April 20, 1994
Ted Hawkins, The Next Hundred Years (Geffen 1994) -- Hats off again to Geffen for taking a chance on an artist who truly cares about his music. Ted Hawkins is a powerful and compelling blues singer; if his life story is true, it's amazing that he survived long enough to cut this disc.
Now age 58, Hawkins was born in Lakeshore, Mississippi, which he describes as "a place where the trains don't even stop." Hawkins never knew his father, and his mother was an alcoholic and a prostitute. He dropped out of school at age 12, and managed to land in the state penitentiary by age 15. Upon his release, he learned that his mother had died of cirrhosis of the liver. Hawkins hit the road, and eventually landed in Geneva, New York. He met a woman at a church and got married; two months later, she died of cancer.

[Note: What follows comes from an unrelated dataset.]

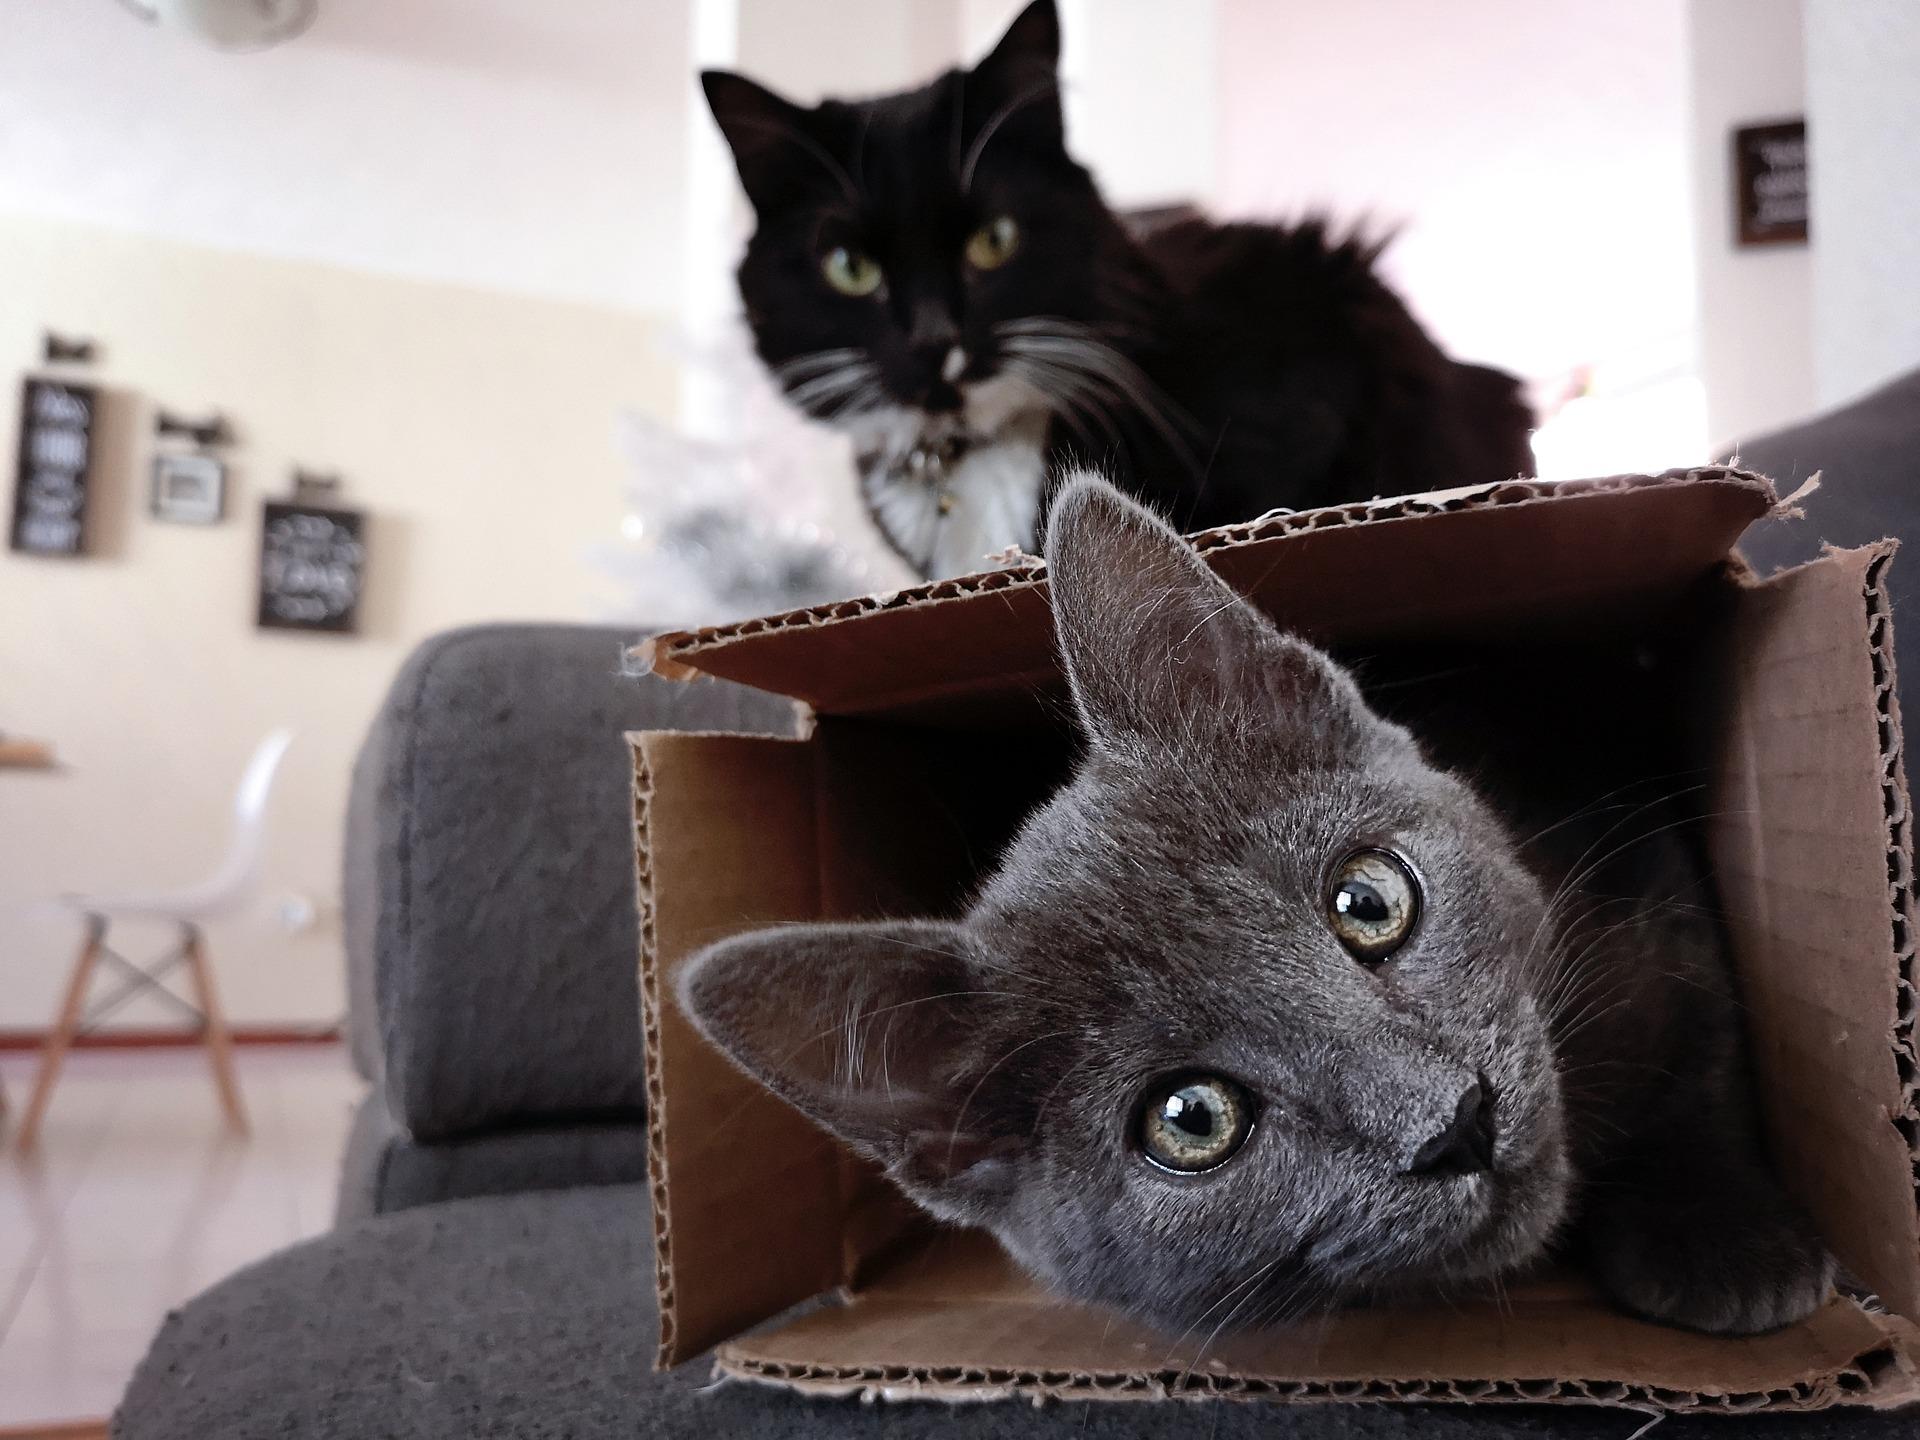 Los gatos en celo pueden volverse muy cariñosos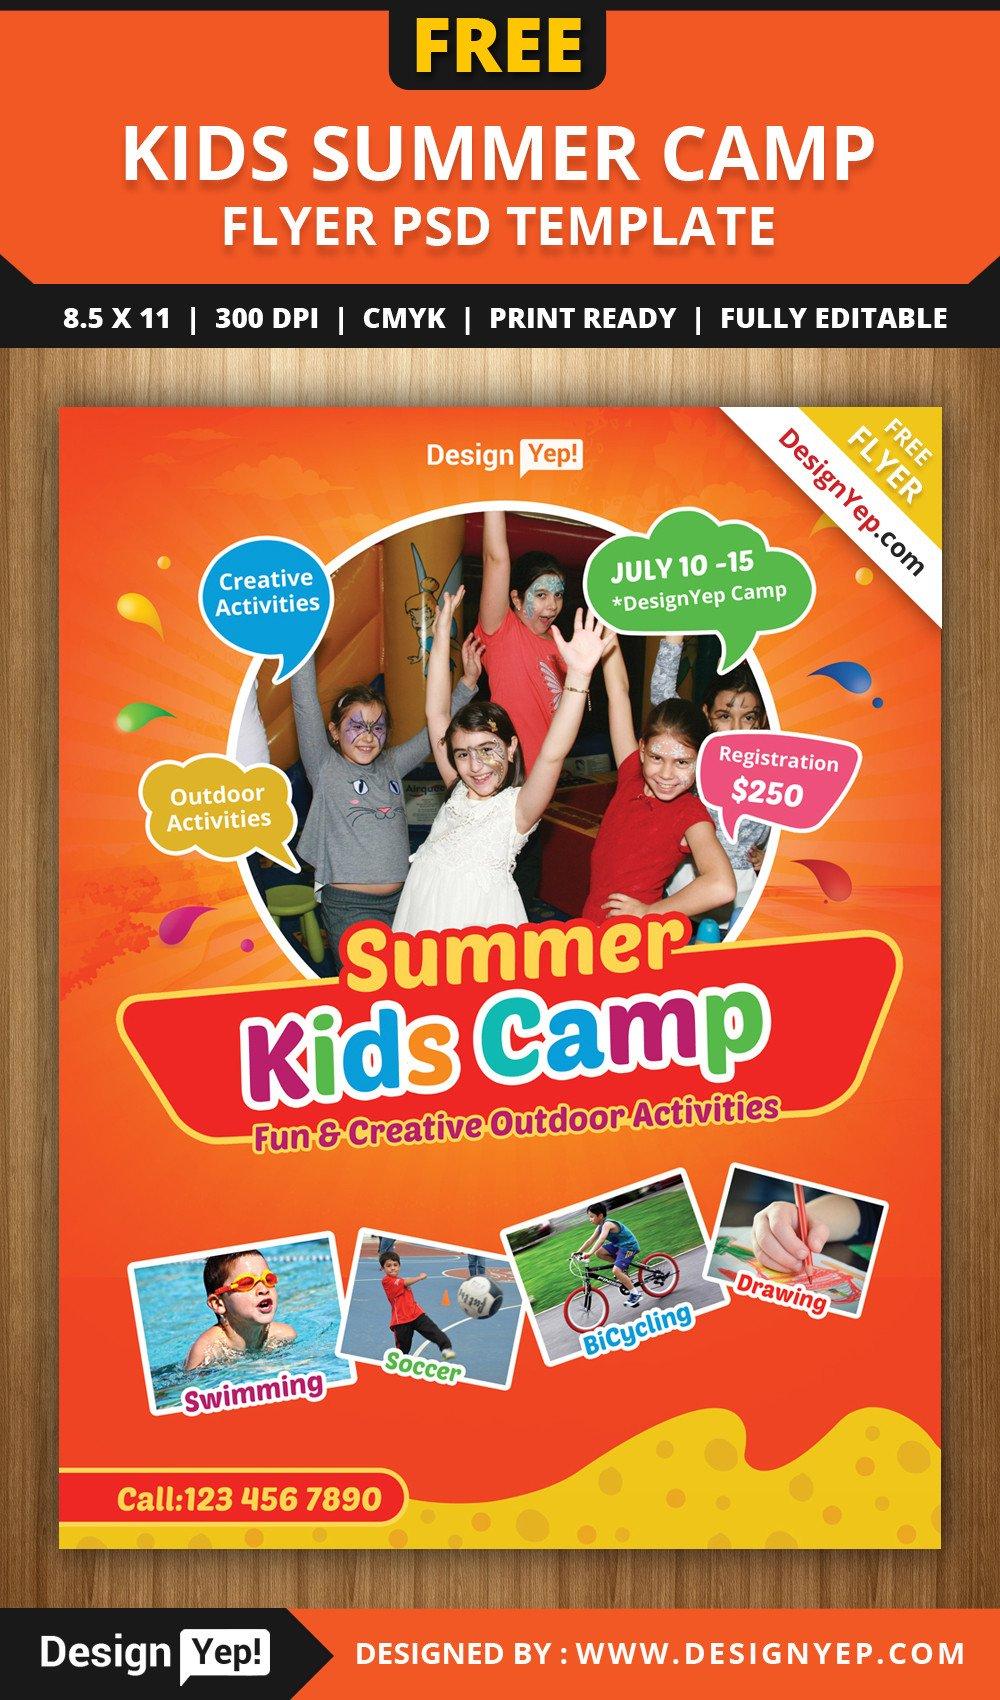 Summer Camp Flyer Template Free Kids Summer Camp Flyer Psd Template On Behance

With this sad background, Hawkins decided in 1966 to find a place where it was warmer, and moved to L.A. Since then, Hawkins (who is now married, with one son) has made a living as a street musician, most recently along Venice Beach (where he was heard and signed by Geffen A&R executive Tony Berg).
Which is not to say that Hawkins' life has been all hard knocks. The Next Hundred Years is actually his sixth release: from 1986 to 1990, he lived in England and was well received on the Continent. However, he has no stateside following, and still works as a street musician.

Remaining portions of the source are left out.